Try, Inc., the company treasury agency based by Vivek Ramaswamy, reported that it amassed 13,628 bitcoin as of March 17, 2026, putting the corporate among the many prime 10 company holders globally.
The buildup got here within the roughly six months following Try’s September 2025 public itemizing, at the same time as the corporate posted a GAAP web lack of $393.6 million for the interval ending December 31, 2025.
The majority of Try’s bitcoin holdings got here from a number of sources. Preliminary non-public funding proceeds and inventory change exercise contributed 5,886 bitcoin, whereas the acquisition of Semler Scientific, Inc. added roughly 5,048 bitcoin, the corporate stated.

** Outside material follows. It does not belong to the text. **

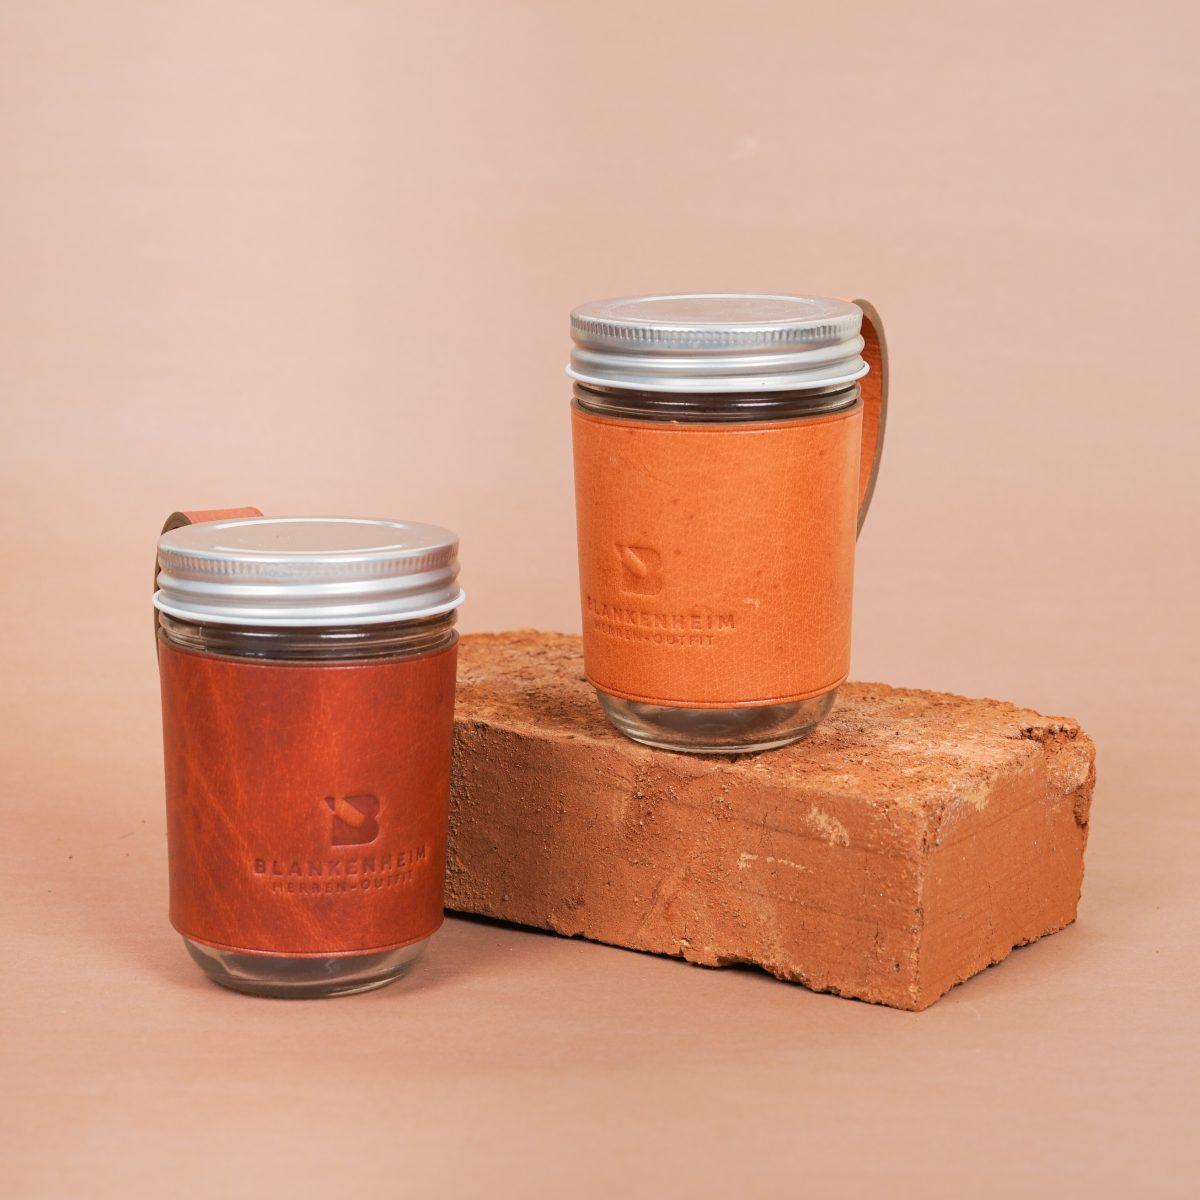 Mason Jar Leather Cover

Semler Scientific had constructed its personal digital asset reserve previous to the acquisition. A further 2,694 bitcoin got here from capital markets exercise, together with public choices of Try’s Variable Fee Sequence A Perpetual Most popular Inventory (“SATA”), follow-on choices, and at-the-market issuances.
Try’s losses
Try’s monetary statements highlighted the stress between aggressive asset accumulation and market volatility. The agency’s GAAP web loss largely stemmed from non-cash gadgets. Unrealized losses on bitcoin holdings accounted for $194.5 million, or practically 50 % of the entire GAAP deficit.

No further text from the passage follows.